Texas finally had to pass a law saying that Texas School Districts did not have to accept the textbooks approved by the Texas Board of Education. That is a significant concession that moves the bar to the left. However, this year, according to the Associated Press, the issue of global warming is added to the mix.

What makes the issue a study in cultural transition is to look at the changing attitude and belief statistics across time. It bounces up and down. What interests the mariner most is the increase in creationist and God driven evolution (Intelligent Design). Is this caused by our troubled economy and the growing disparity of our economic classes? Is it caused because religious institutions are available at the neighborhood level while science is promoted only in college and postgraduate institutions? Oddly, even as American Christianity grows more conservative, the Roman Catholic Pope welcomes atheists. The mariner is fascinated. Fascinated but he has no answers. All of us are in the gristmill of day-to-day history. It’s like watching sausage being made.

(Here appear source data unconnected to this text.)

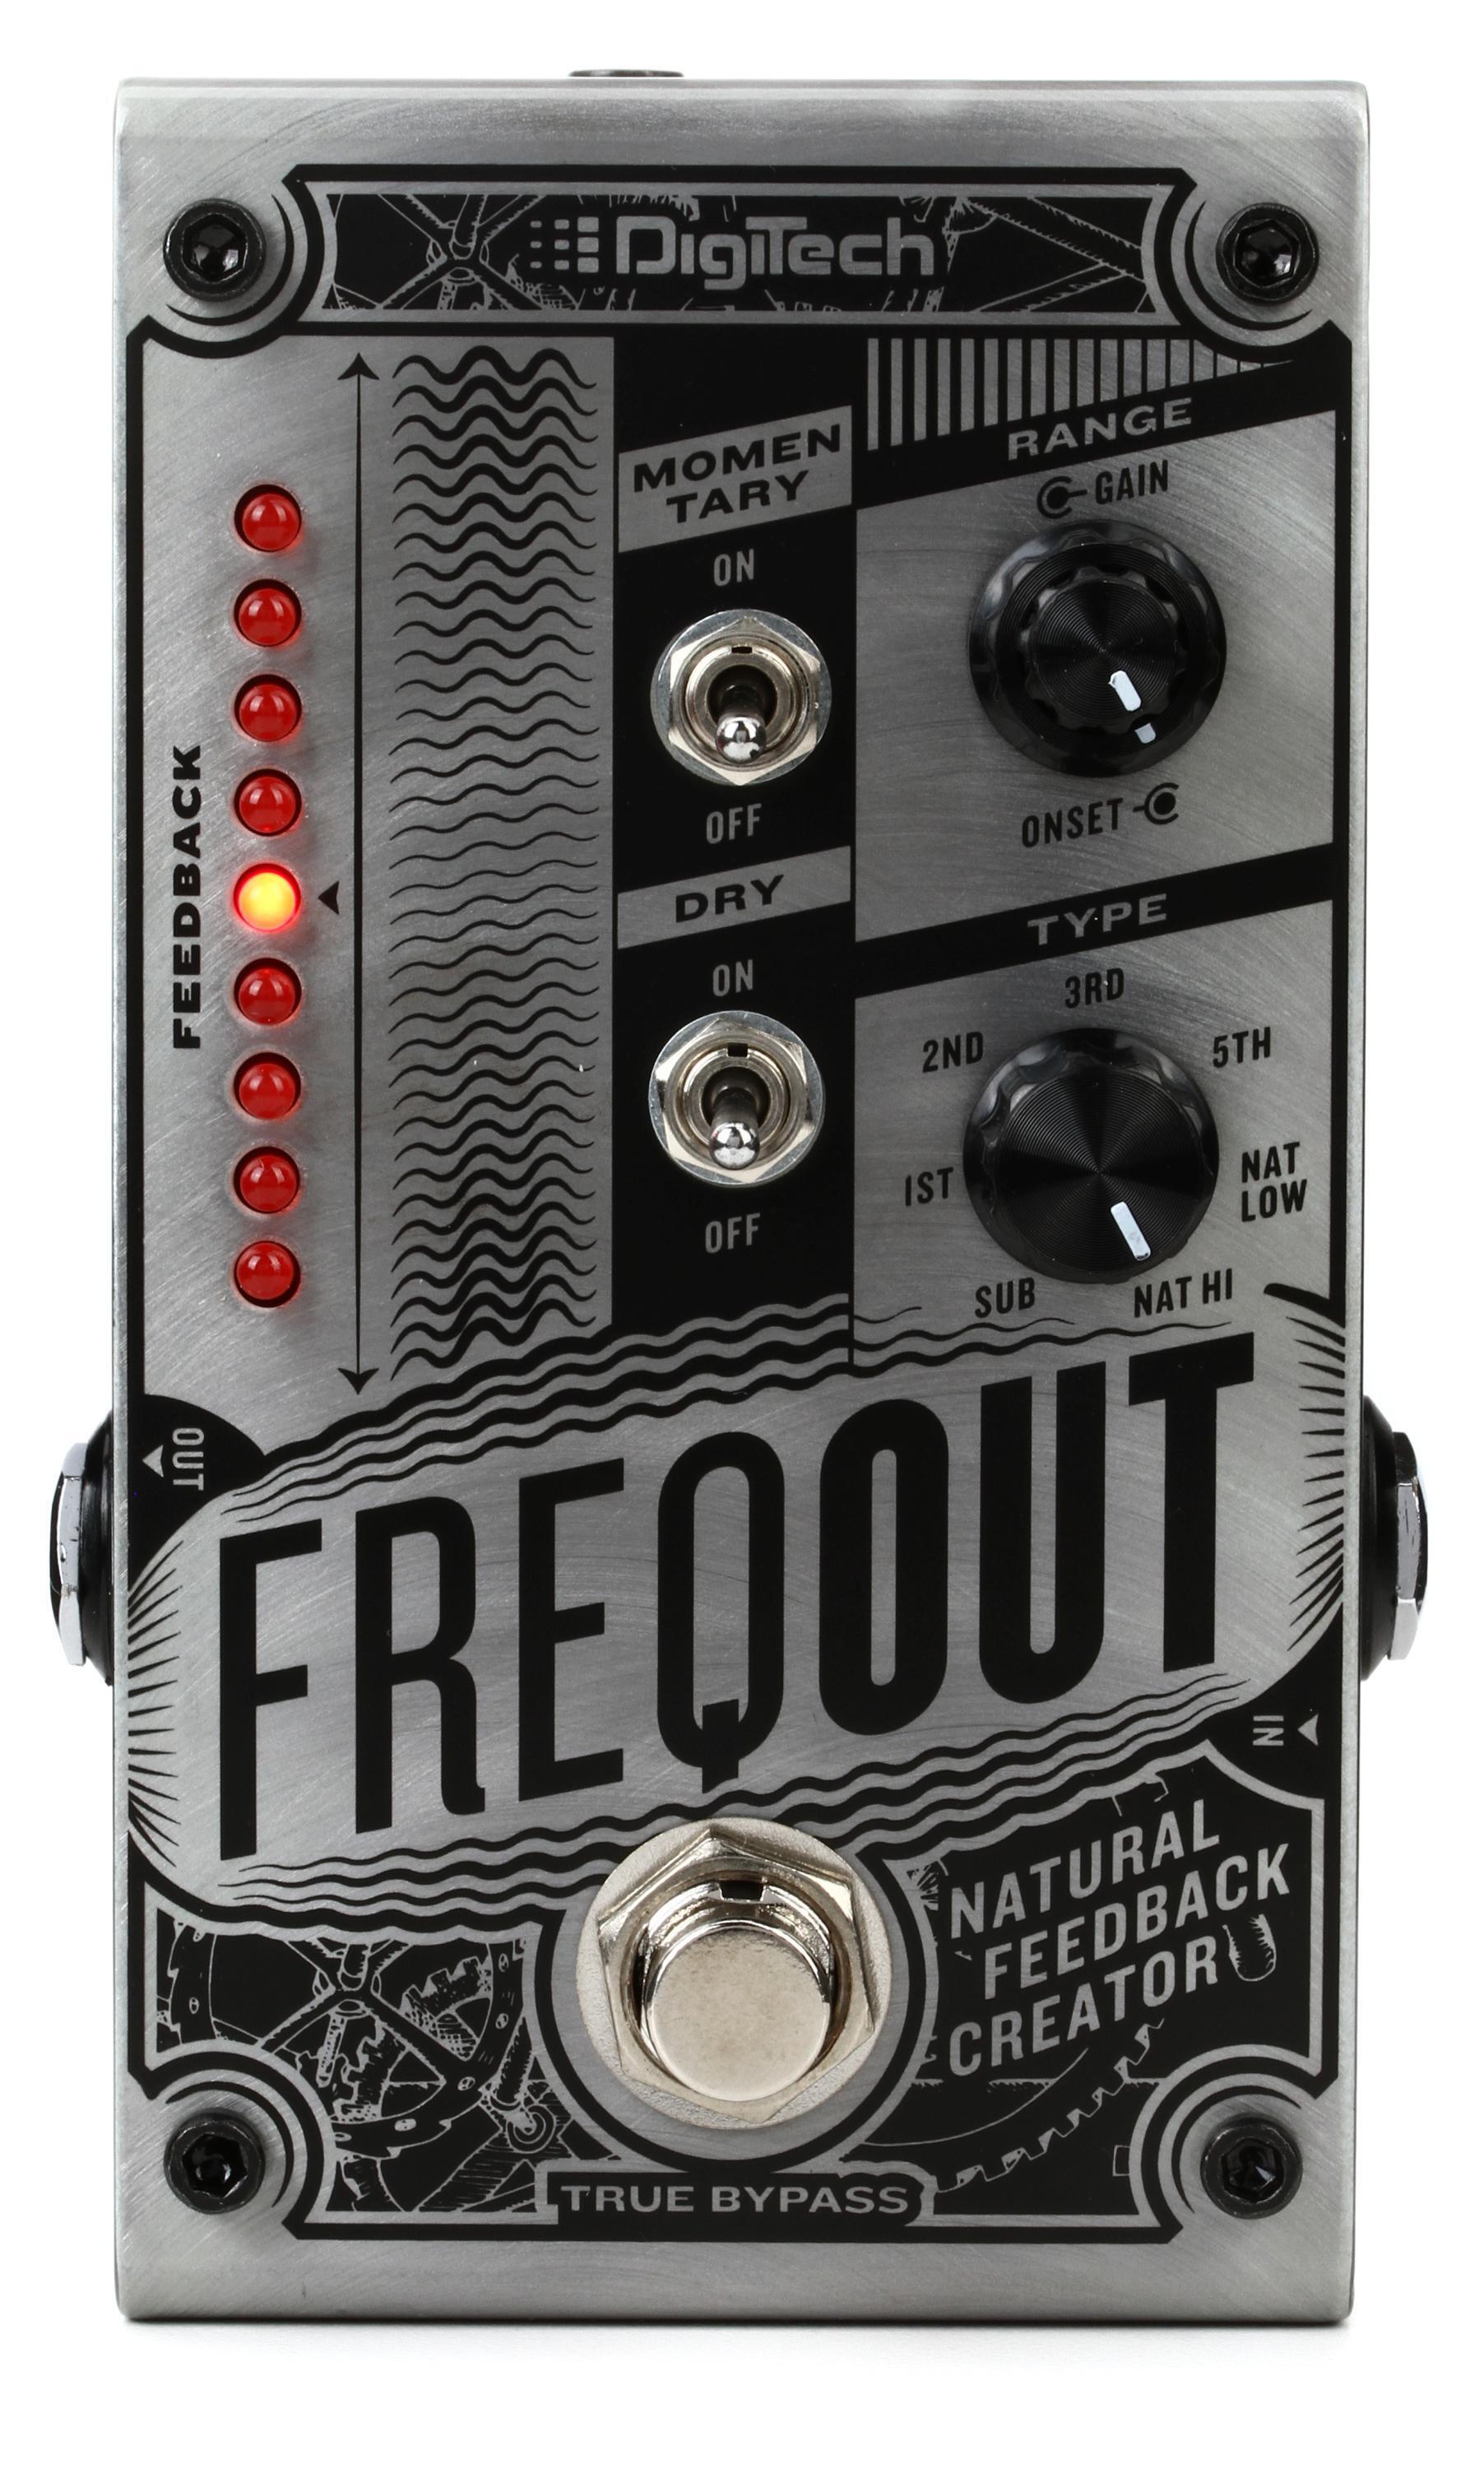 DigiTech FreqOut Natural Feedback Creation Pedal | Sweetwater
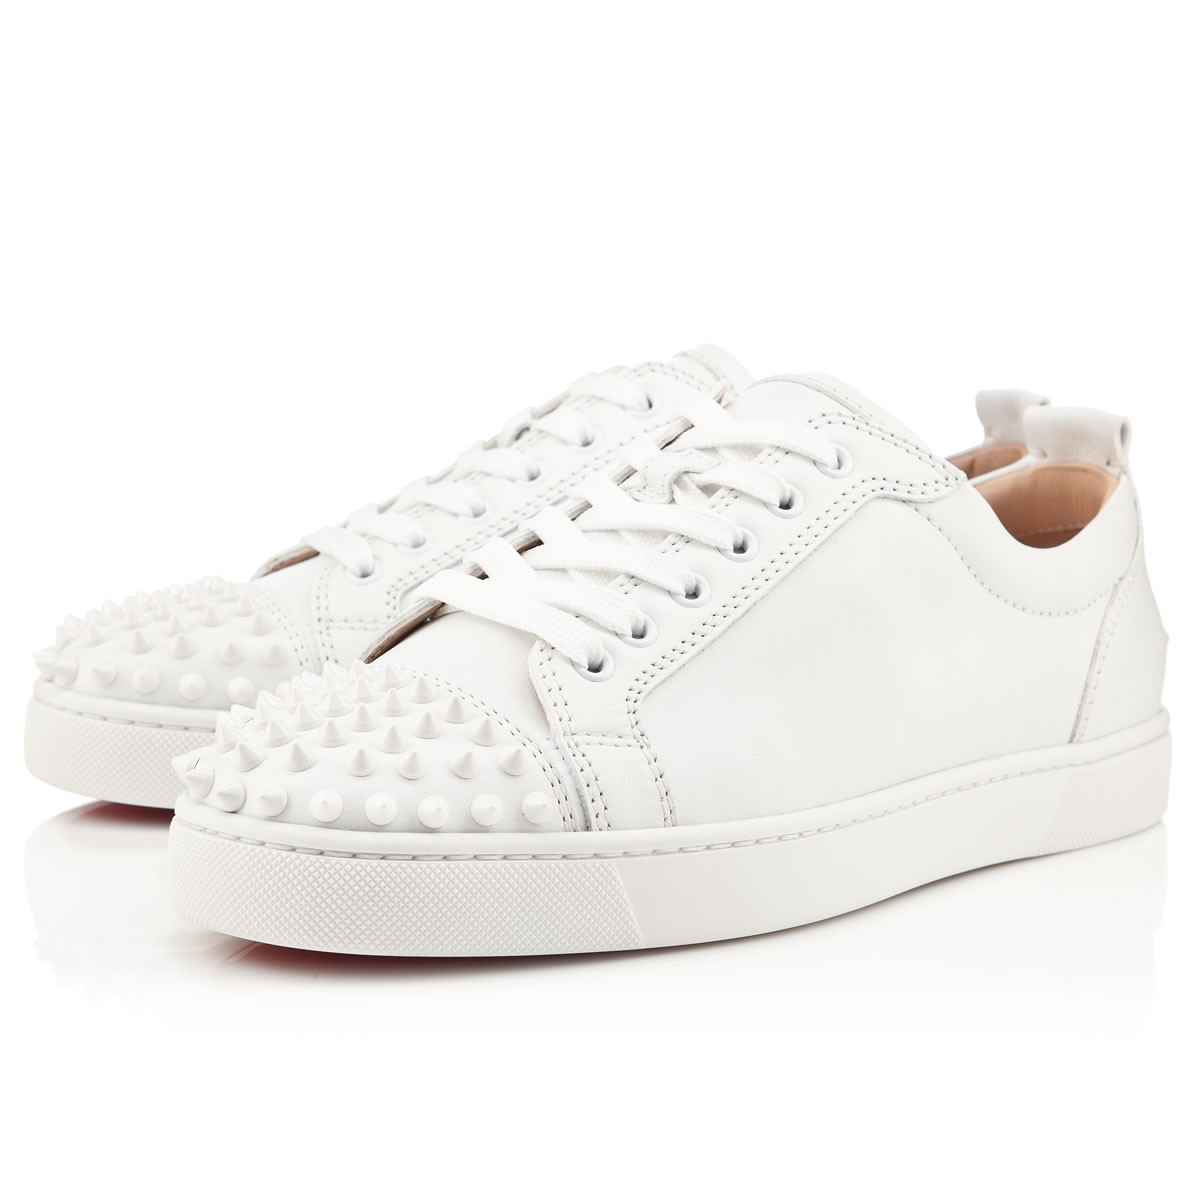 Louis Junior Spikes - Sneakers - Calf leather and spikes - White -  Christian Louboutin
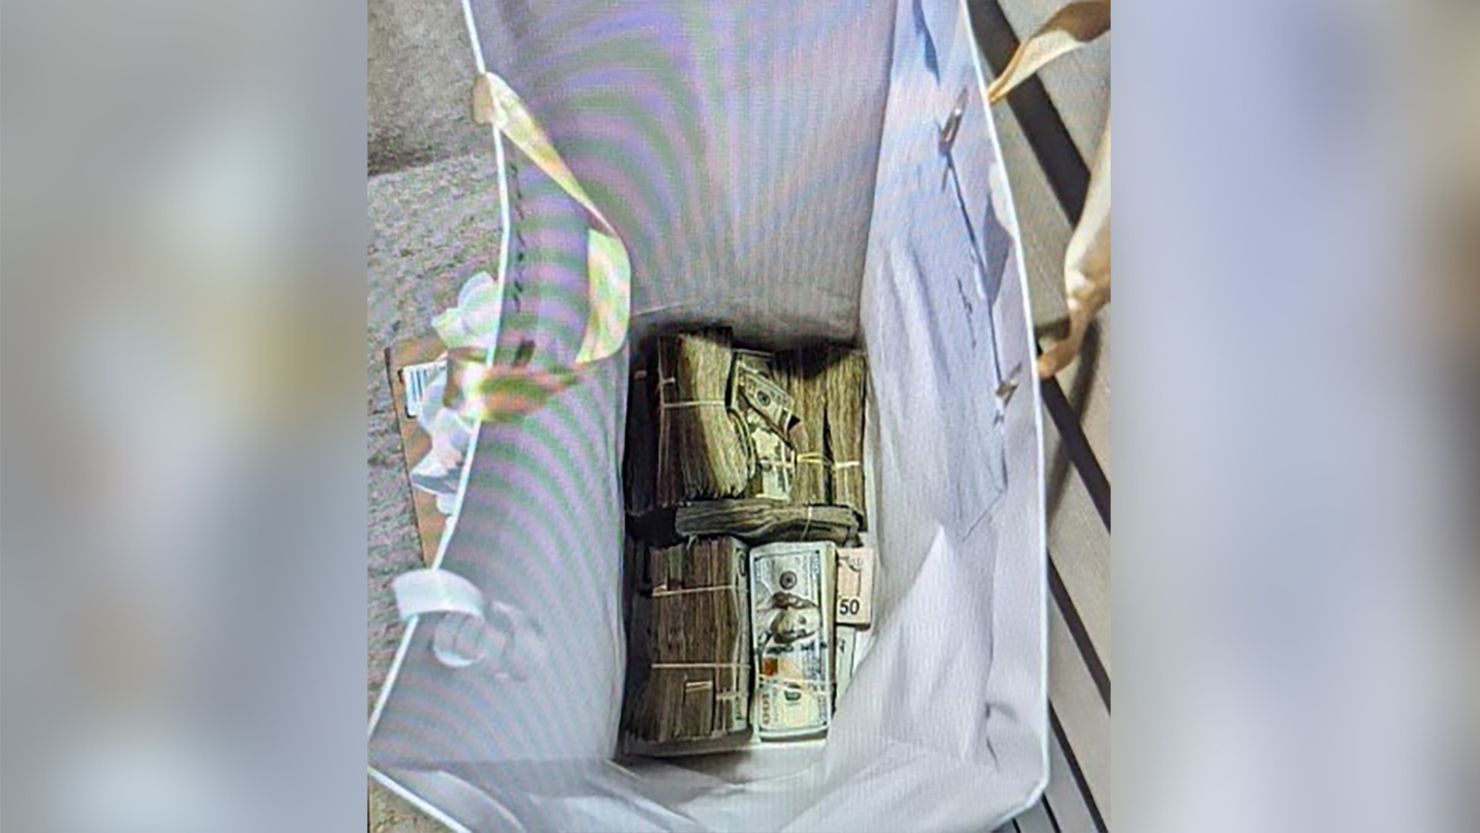 Prosecutors allege that a gift bag full of money was left at a juror's home.
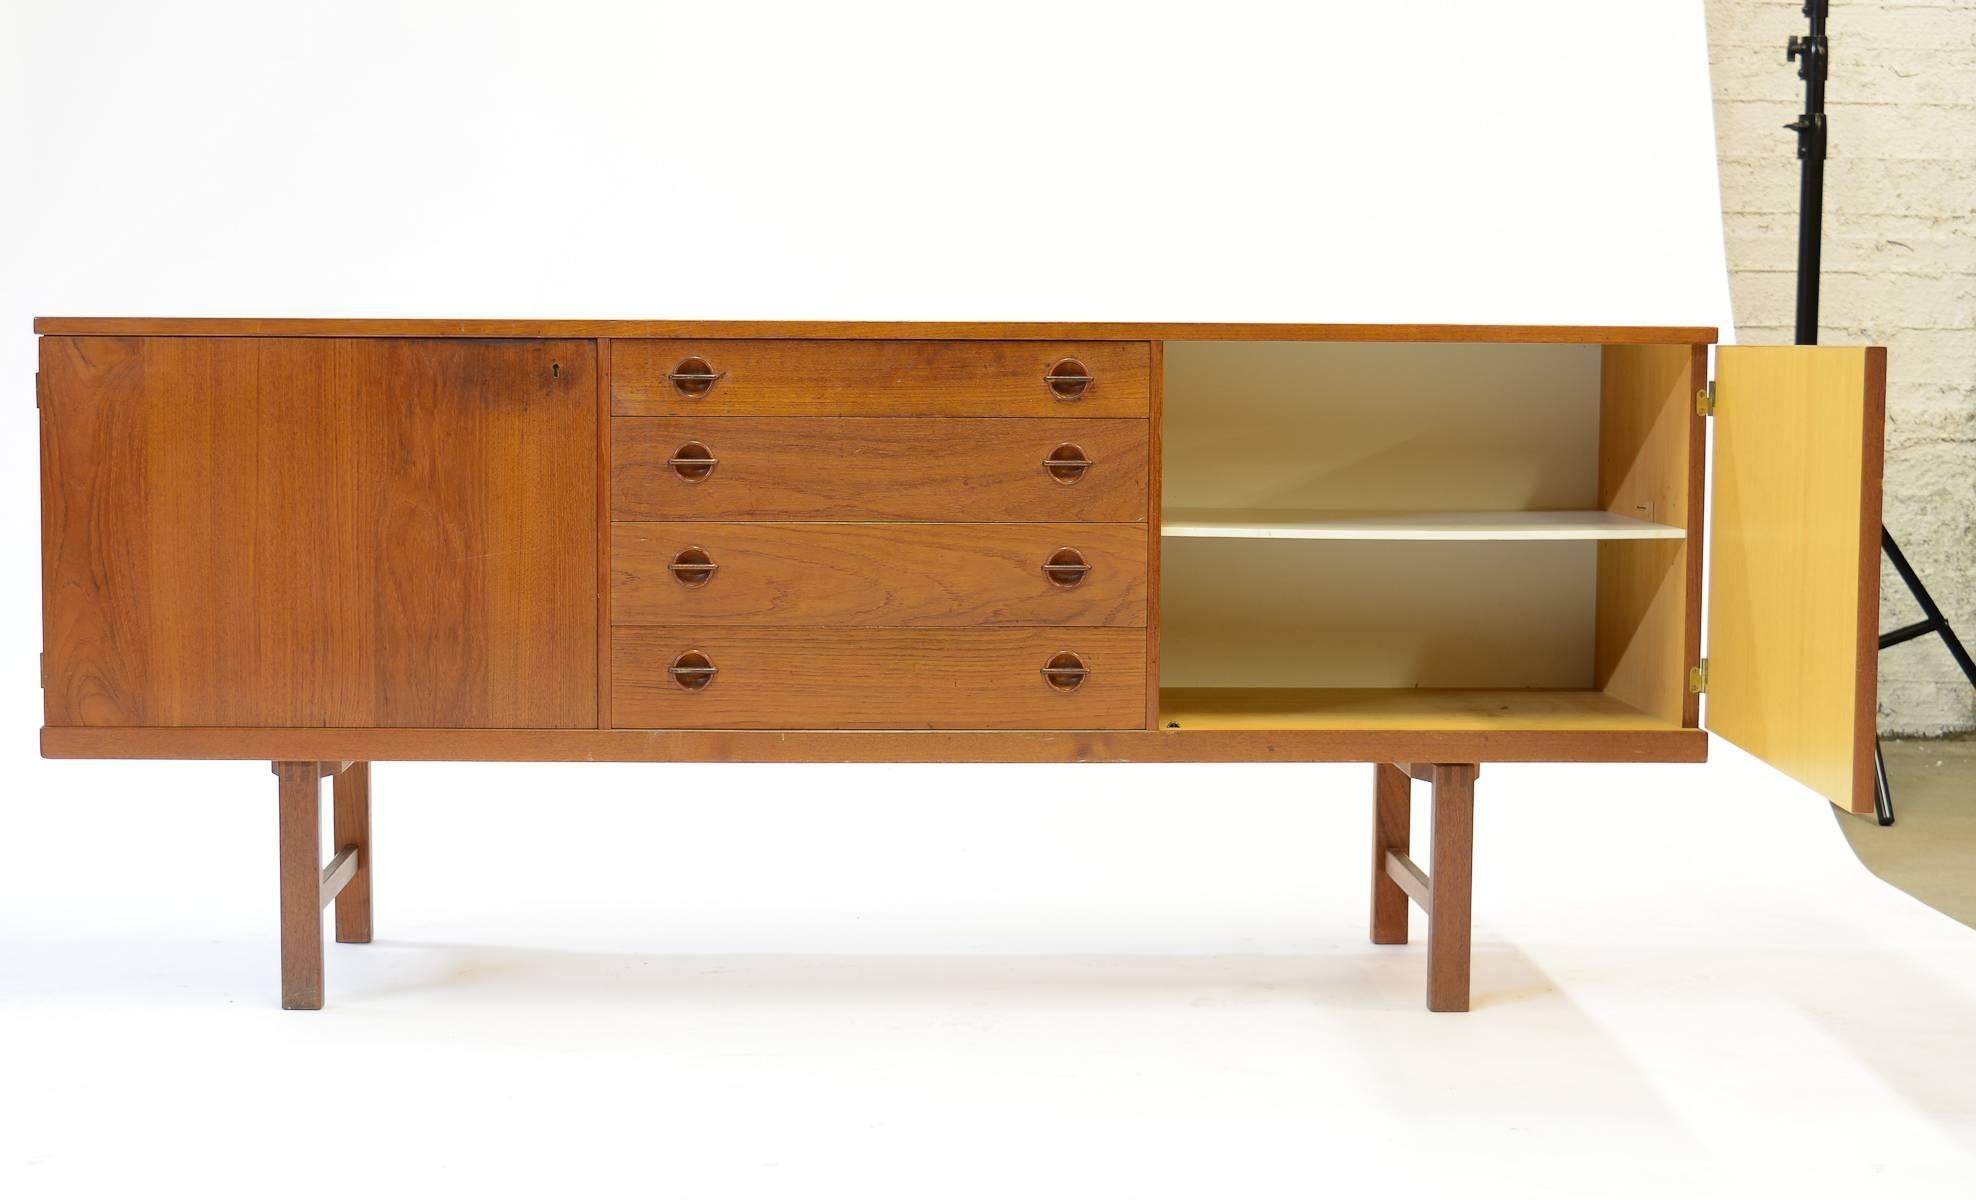 An exceptional Danish teak credenza with elegant circular drawer pulls on four stacked center drawers and an adjustable shelf in each of the left and right compartments.

The Texas battle between belief and fact is not the only conflict. It has always been this way. It began with Jesus claiming to be the Son of God, which led to his crucifixion. Galileo was sentenced to house arrest for the rest of his life by the Roman Church for defending the idea that the Sun was at the center of the Solar System rather than the Earth. Charles Darwin has been condemned by the Christian religion for his thesis on evolution. An open, unfrozen Arctic Ocean, a global rise in temperature of 1.5 degrees and oceans that are three inches deeper are dismissed as unreliable facts insofar as global warming is concerned.

If Christians would stick to the New Testament and not begin by reading the Pentateuch in the Jewish Bible, things would be a lot simpler.

Ancient Mariner

 

4 thoughts on “Watching the Gristmill

  1. Ed..while I cannot be absolutely sure without looking it up again..I think that Intelligent Design does not necessarily assume that it is always an all powerful God doing the creating and I think that one reason the Vatican has not supported intelligent design, or had not as of a few years ago, is due to the fact that the Vatican wants the scientific paradigm of Darwinian evolution kept in tact, and Intelligent Design would not do that, not necessarily. I need to look some of this stuff up again. I do know that the scientific community is doing all that they can to hold onto Darwinian theory, but that there are many holes in it, and it does not answer how life originated in the first place, only how it evolved..apparently the “small warm pond” statement is not saying where life actually came from….I think you can be a believer in Intelligent Design and still be an atheist.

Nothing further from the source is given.